You must enable streaming support in your guardrails configuration. The key fields are streaming.enabled set to True, and the chunk_size, context_size, and stream_first configurable fields.

rails:
  output:
    flows:
      - ...
    streaming:
      enabled: True
      chunk_size: 200
      context_size: 50
      stream_first: True
"rails": {
  "output": {
    "flows": [
       "..."
    ],
    "streaming": {
      "enabled": "True",
      "chunk_size": 200,
      "context_size": 50,
      "stream_first": "True"
    }
  }
}

For information about the fields, refer to streaming output configuration in the NeMo Guardrails Toolkit documentation.

For information about managing guardrails configuration, refer to the demonstration guardrail configuration, demo-self-check-output, from create a guardrail configuration.

Performance Comparison#

The primary purpose of streaming output is to reduce the time-to-first-token (TTFT) of the LLM response.
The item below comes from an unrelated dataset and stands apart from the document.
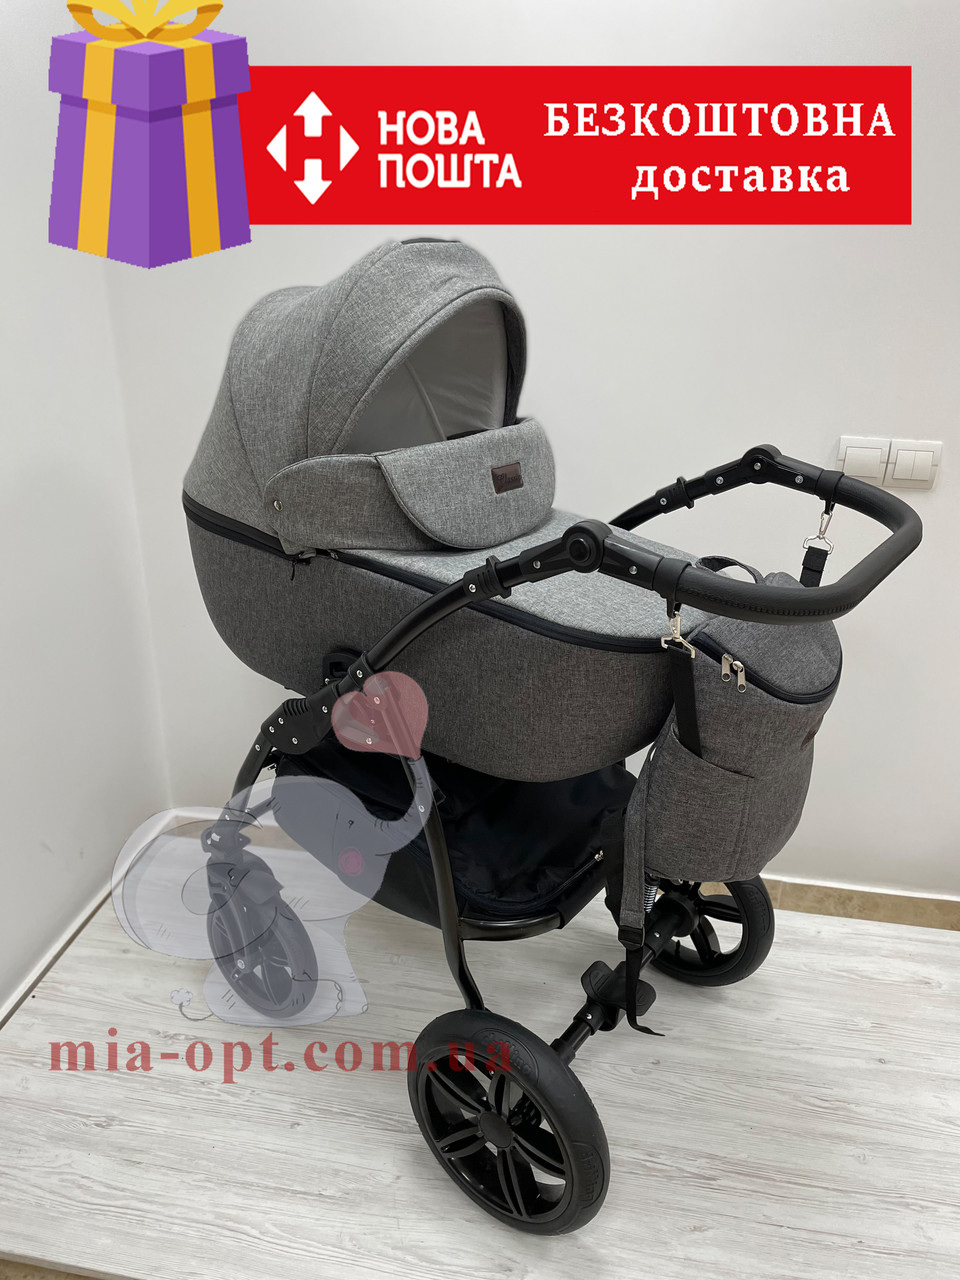 Дитяча коляска 2 в 1 Classik Len(Класик Льон) Victoria Gold Графіт сіра
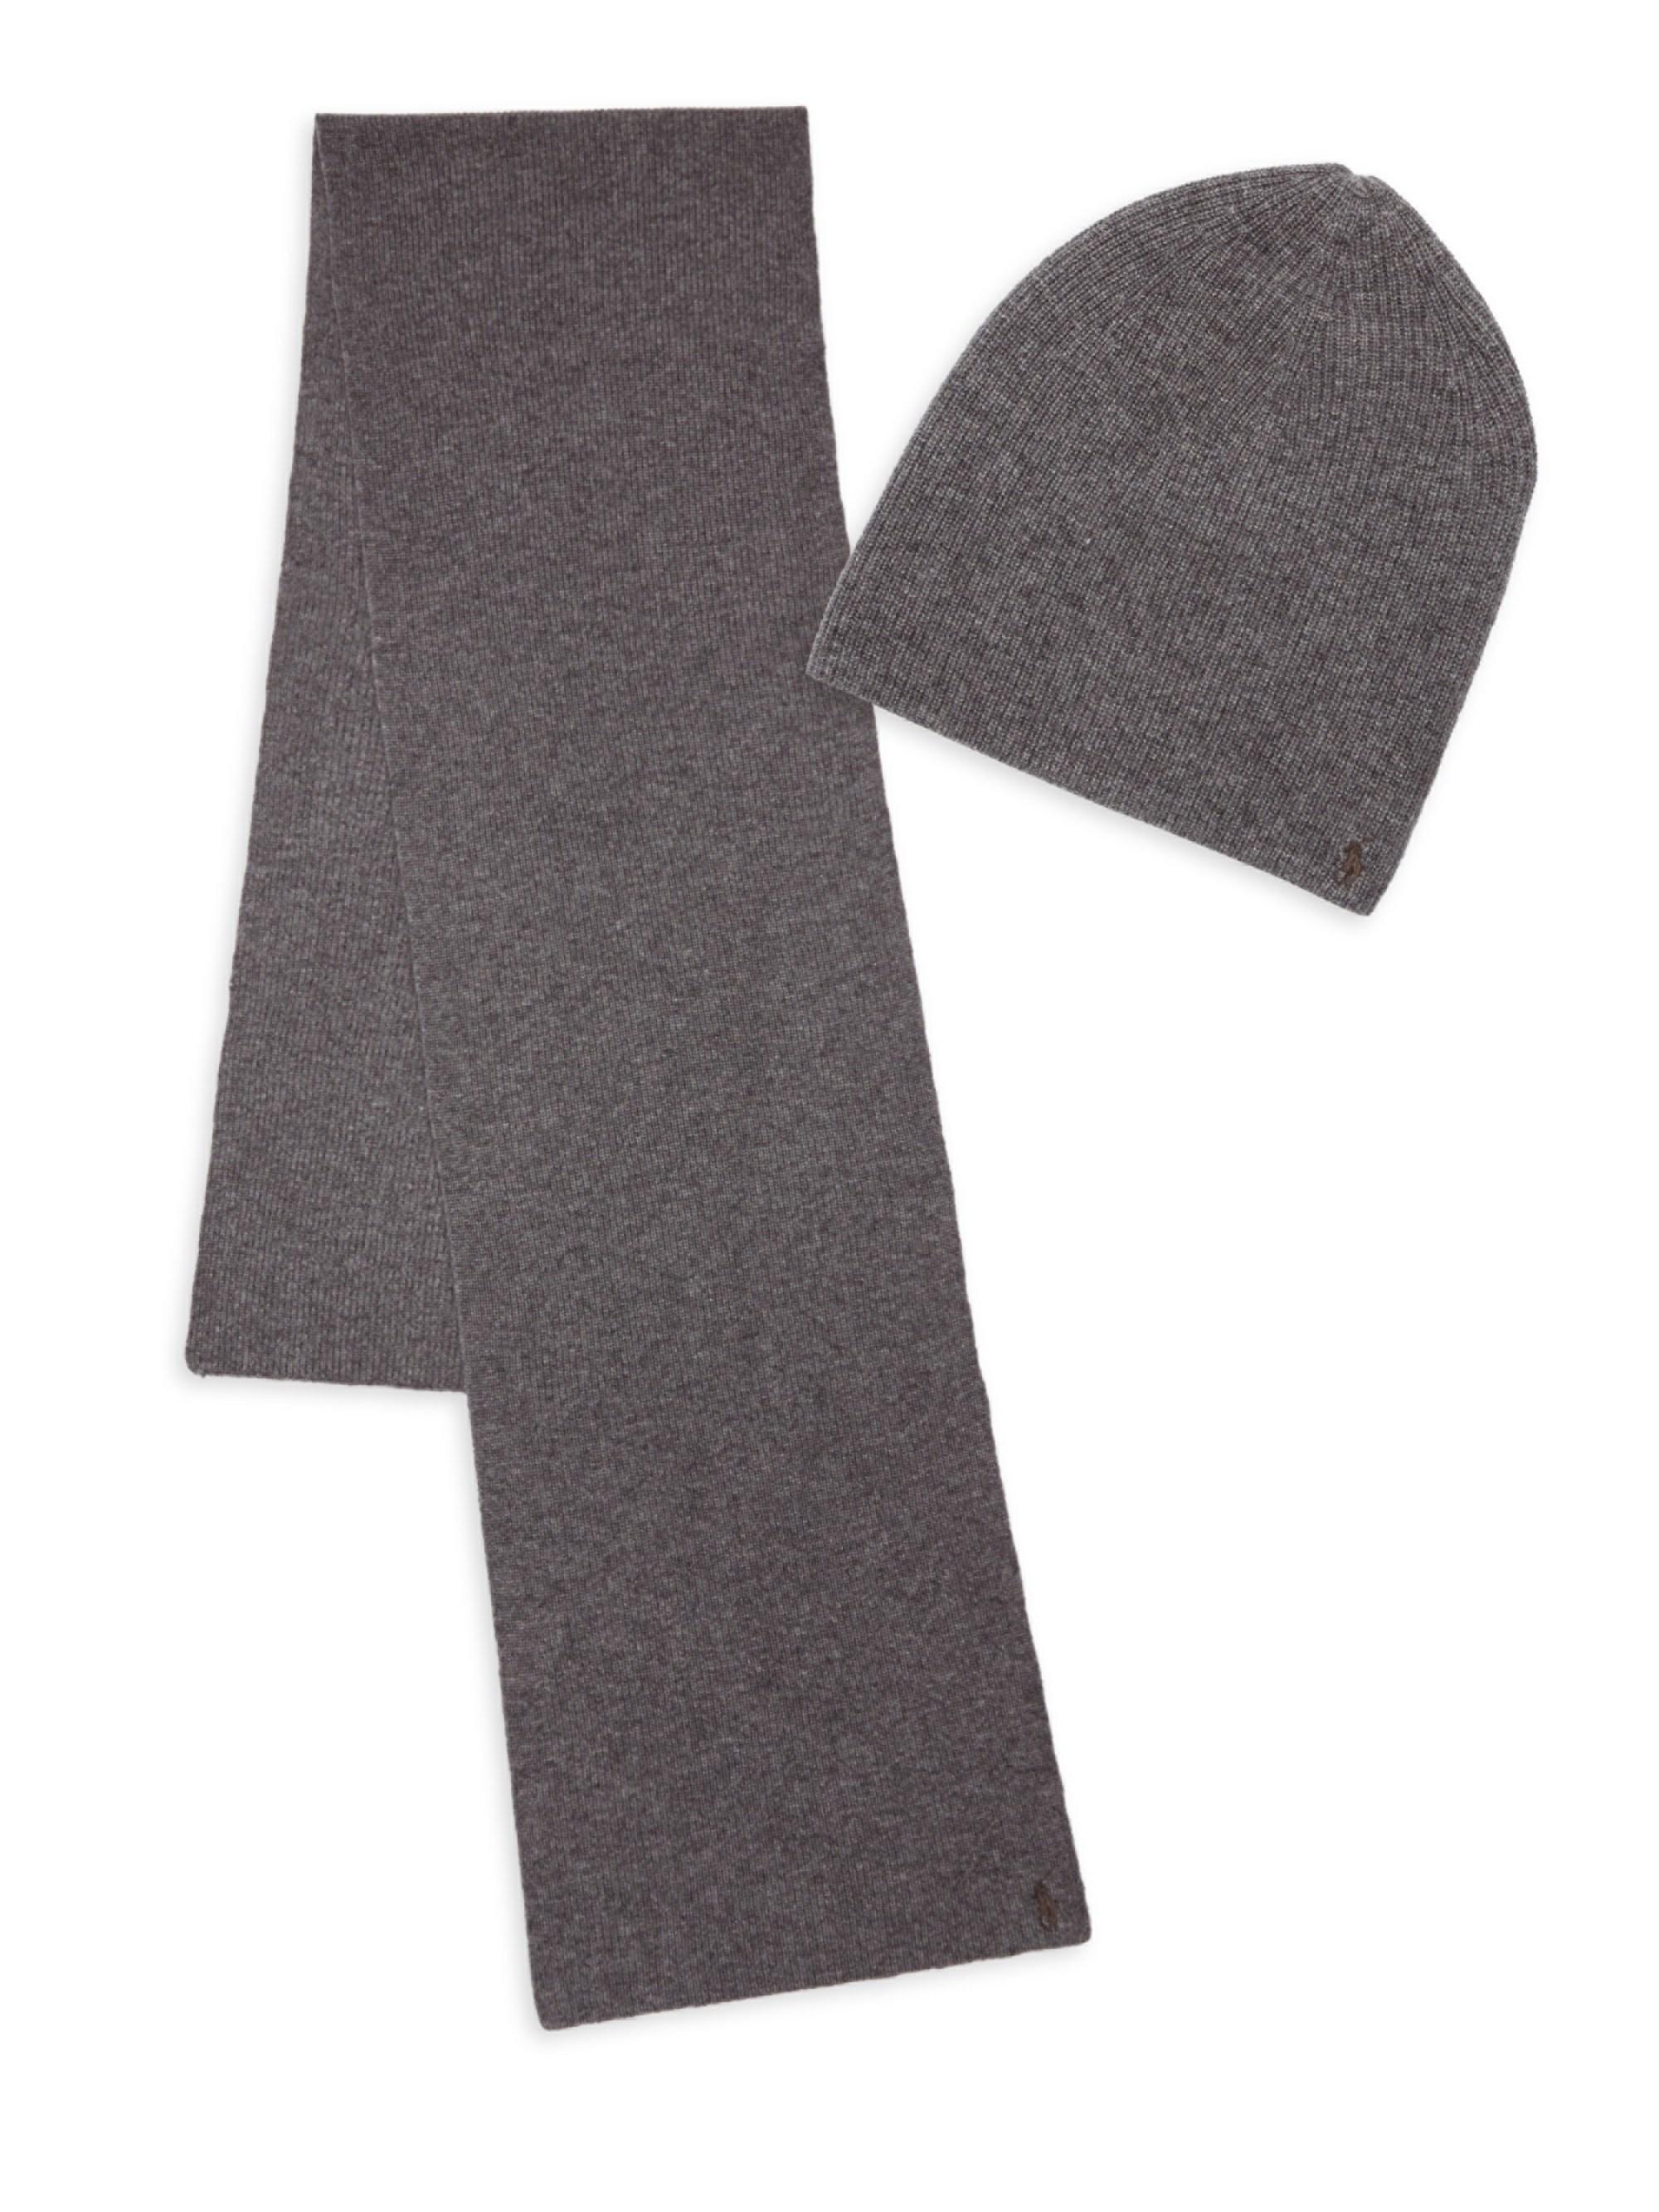 3df6c9f7c87 Lyst - Polo Ralph Lauren Cashmere Blend Hat   Scarf Set in Gray for Men

The following table shows some timing results for 20 requests using the GPT 4o model from OpenAI with and without streaming output and a very basic timing script.

Configuration

Mean TTFT

Median TTFT

Stdev

Min TTFT

Max TTFT

Streaming enabled

0.5475

0.5208

0.1248

0.4241

0.9287

Streaming disabled

3.6834

3.6127

1.6949

0.4487

7.4227

The streaming enabled configuration is faster by 85.14%, on average, and has more consistent performance, as shown by the lower standard deviation, 0.1248 versus 1.6949.

The streaming configuration used the default configuration values: chunk_size: 200, context_size: 50, and stream_first: True.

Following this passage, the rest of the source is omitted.